Namun, cerita Yusuf tidak berhenti di situ. Ketika kelaparan melanda tanah Kanaan, Yusuf yang kini berkuasa di Mesir, menggunakan kekayaan dan kelimpahan bahan pangan bukan untuk menindas, tetapi untuk menolong. Dalam Kejadian 45:23, ia mengirim kepada ayahnya sepuluh keledai yang dimuati “apa yang terbaik di Mesir”, termasuk gandum dan roti. Di sinilah terjadi pembalikan teologis yang penting: makanan yang dulu menjadi simbol penindasan kini menjadi tanda rekonsiliasi. Yusuf yang dahulu dilempar ke sumur dan ditinggalkan dalam kelaparan kini membagikan makanan sebagai ungkapan kasih dan pengampunan. Tindakan berbagi makanan menjadi liturgi perdamaian, tempat luka disembuhkan dan hubungan yang retak dipulihkan.
Dinamika ini dekat dengan situasi kontemporer di Indonesia. Program-program pemenuhan pangan seperti “makan bergizi gratis” adalah inisiatif yang baik, tetapi tetap perlu dikritisi secara etis dan teologis. Ketika masih banyak orang mengalami kelaparan bukan karena malas, tetapi karena sistem sosial-ekonomi membuat mereka tak berdaya mengakses sumber pangan, maka realitas ketimpangan dalam kisah Yusuf sesungguhnya masih berulang. Makanan di sini bukan sekadar persoalan perut, melainkan persoalan keadilan, kesejahteraan, dan martabat manusia. Maka, memberi makan tidak boleh dilakukan dari posisi kuasa yang menundukkan, melainkan dari semangat kasih yang sejajar. Melihat sesama bukan sebagai objek belas kasihan, melainkan mitra dalam kehidupan yang setara.

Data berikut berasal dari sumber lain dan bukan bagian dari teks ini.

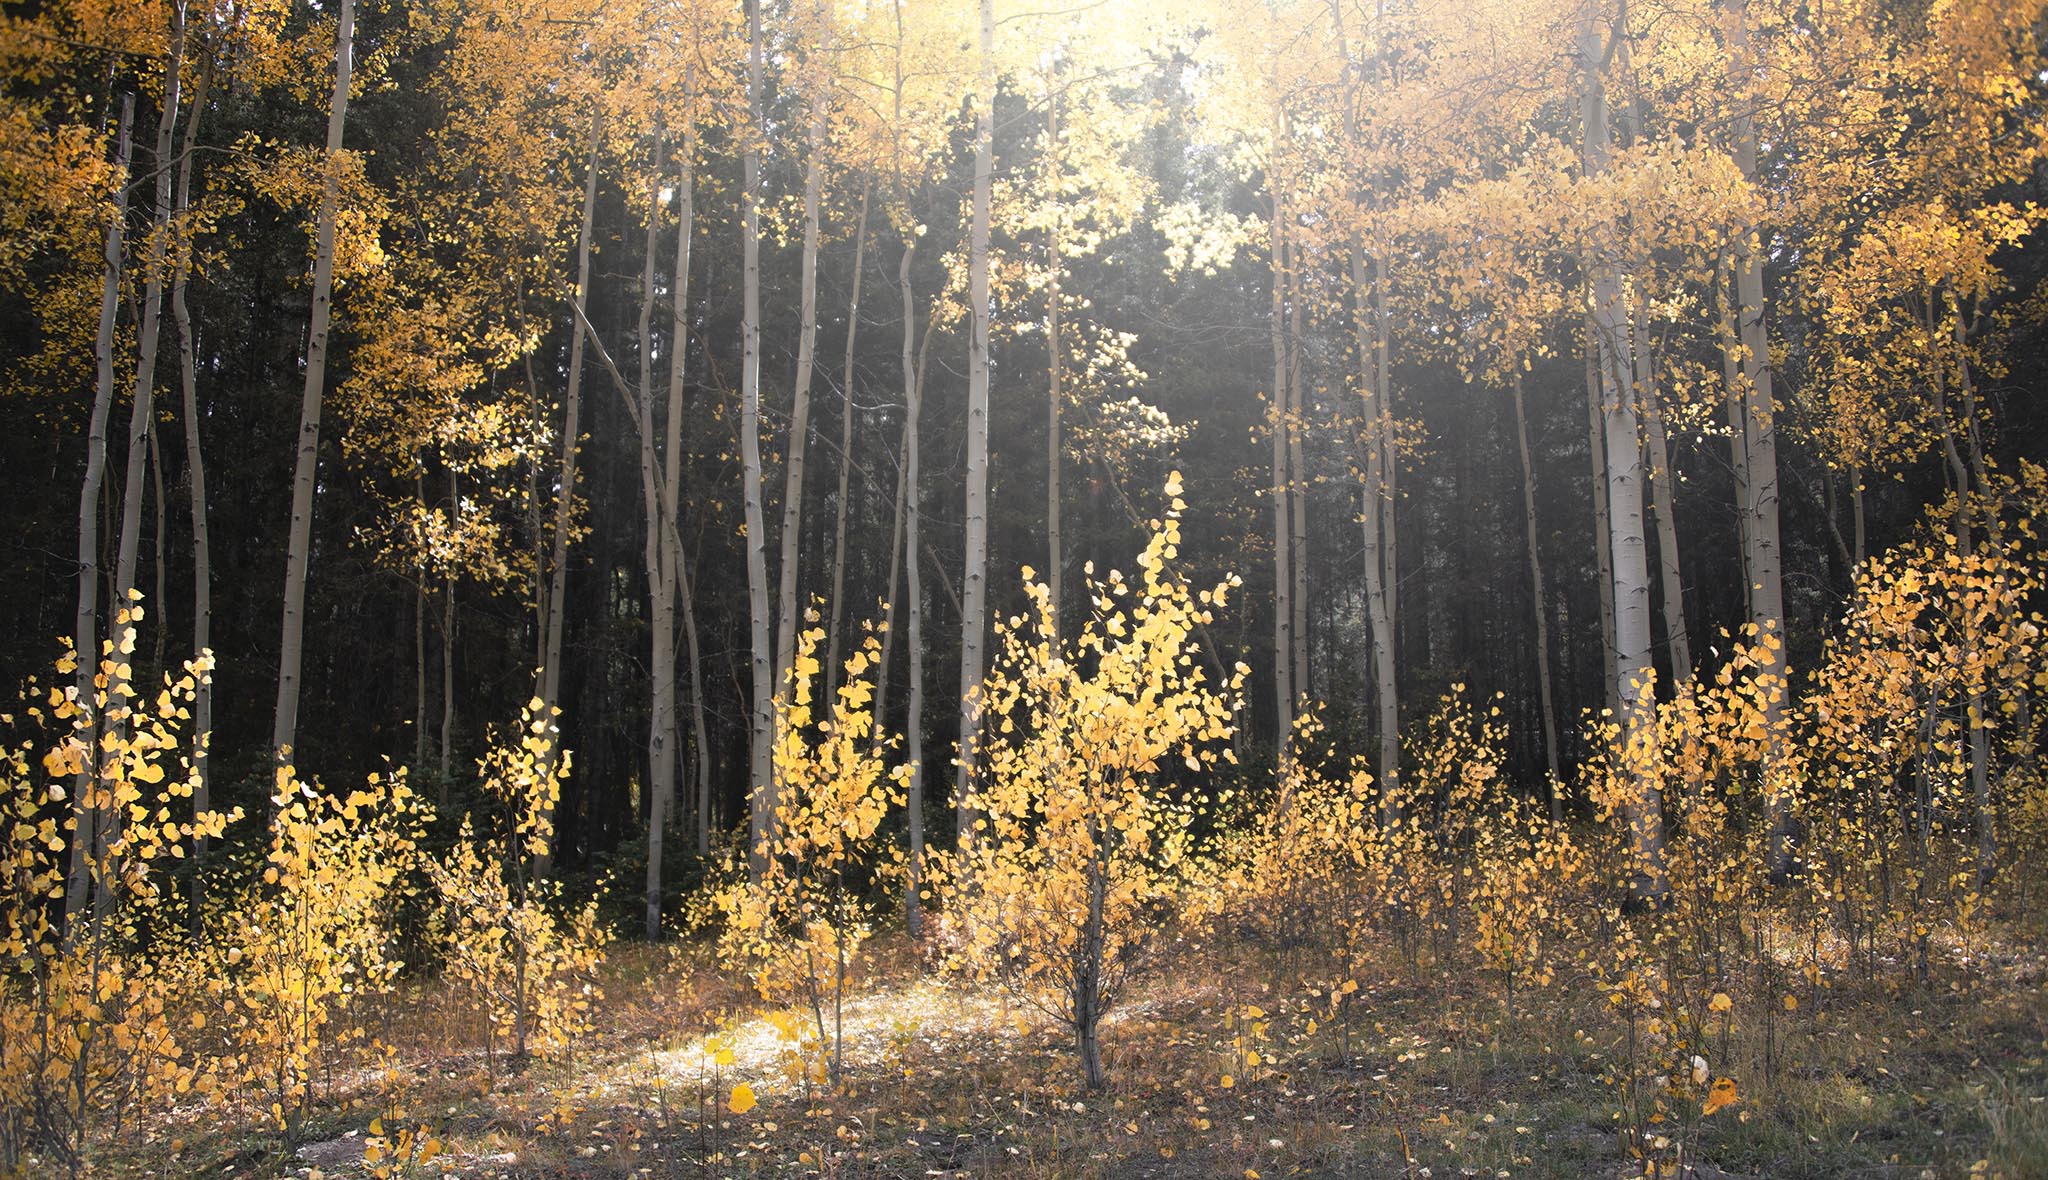 Small golden aspens picture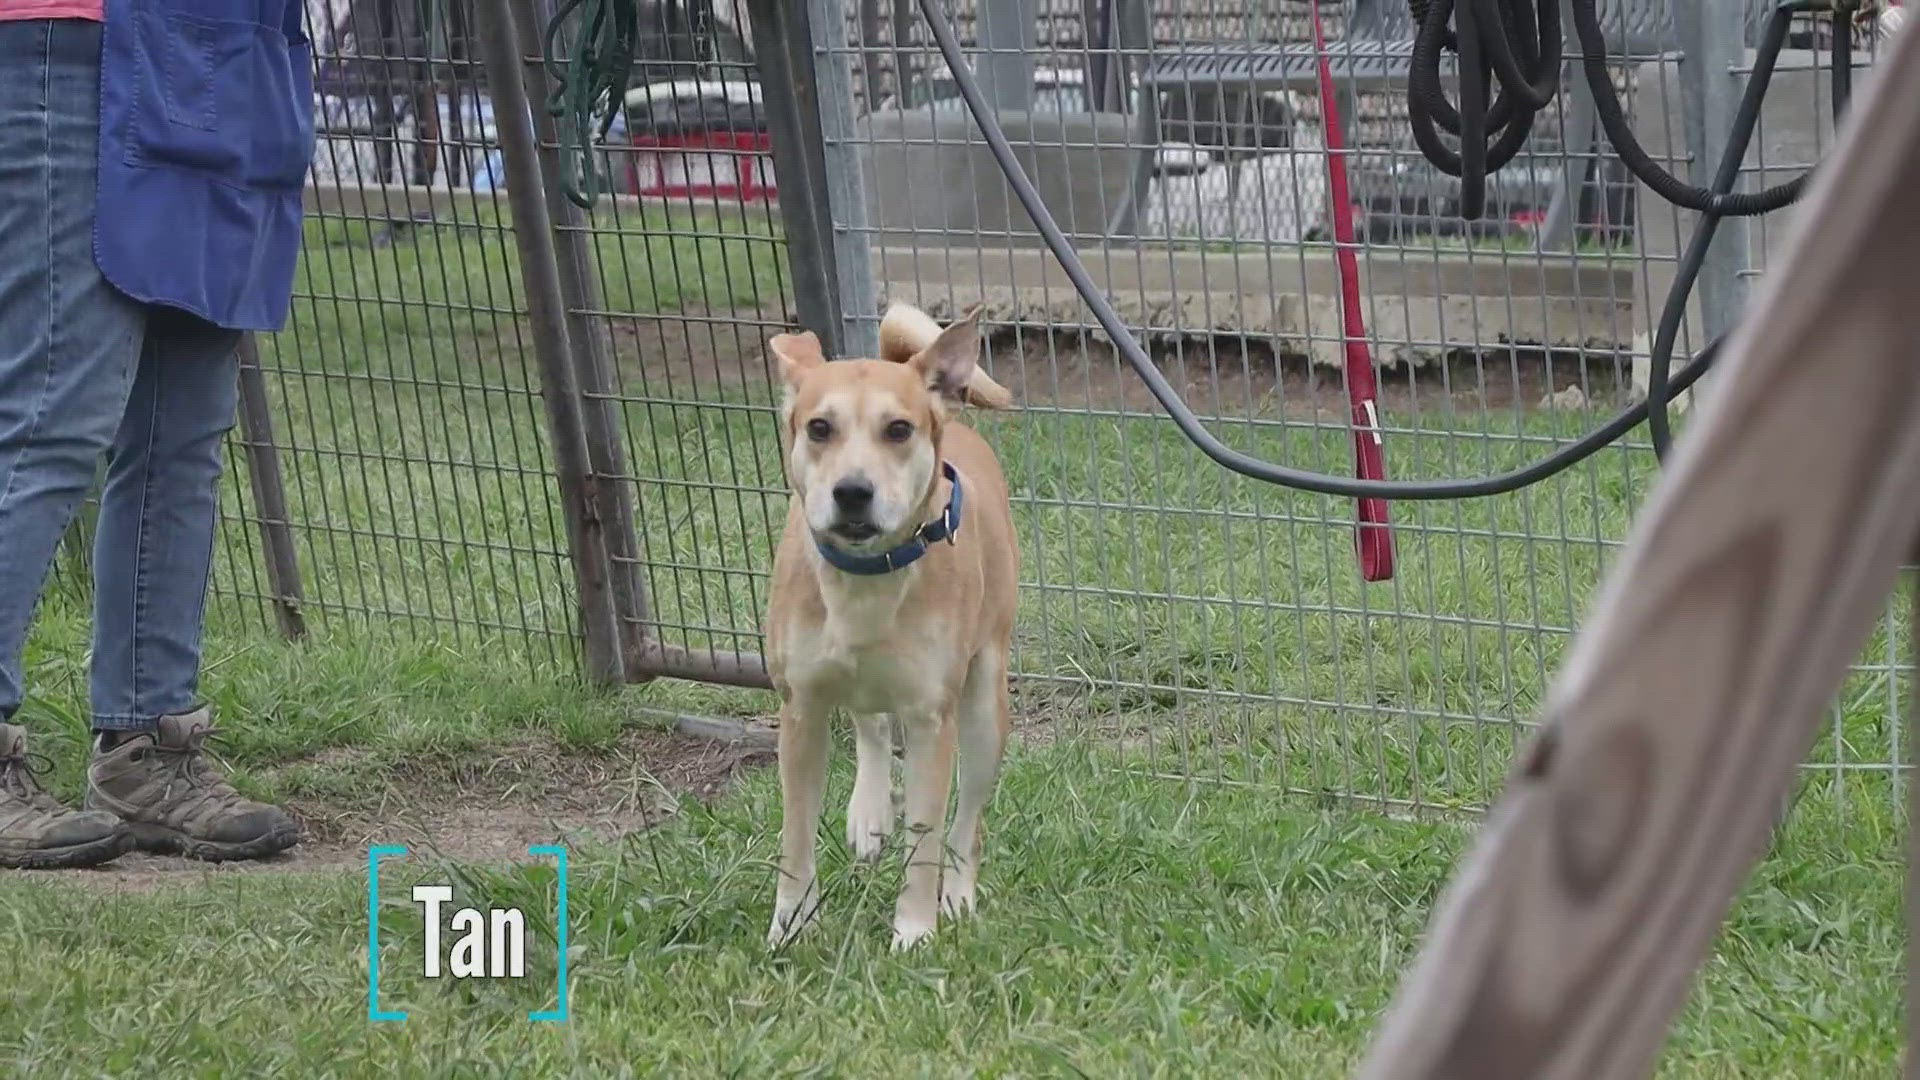 Tan is looking for his fur-ever home!

Lebih jauh, meja makan dalam tradisi Alkitab sering kali menjadi ruang perjumpaan dan pemulihan. Dari jamuan Abraham hingga Perjamuan Kudus, tindakan makan bersama melambangkan penerimaan dan kesatuan. Demikian pula dalam kisah Yusuf, perjamuan di istana Mesir menjadi simbol pembalikan kuasa menuju kasih. Yang dahulu lapar kini memberi makan, yang dahulu dikhianati kini mengampuni. Lady Mandalika mengajak pembaca untuk menafsir ulang makna “Mari makan” bukan hanya sebagai ajakan sosial, tetapi sebagai panggilan etis untuk membangun relasi yang adil, aman, dan penuh kasih. Dalam dunia yang penuh ketimpangan, “mari makan” menjadi undangan untuk berbagi hidup tanpa menindas, untuk memulihkan hubungan yang rusak melalui perjamuan kasih yang sejati.
Dengan demikian, narasi Kejadian 37–50 memperlihatkan bahwa makanan tidak pernah netral. Ia bisa menjadi sarana penindasan sekaligus alat rekonsiliasi. Dari sumur kering hingga meja kerajaan, dari rasa lapar menuju kenyang, dari kuasa menuju kasih, seluruh kisah Yusuf mengajak kita menyadari bahwa di balik setiap roti yang dibagi tersimpan pergumulan iman, keadilan, dan kasih. Maka, “Mari makan” bukan sekadar ajakan sopan dalam budaya, tetapi panggilan teologis untuk menghadirkan meja yang sejajar, tempat setiap orang dihormati, setiap tubuh diberi makan, dan setiap relasi dipulihkan oleh kasih yang mengenyangkan jiwa.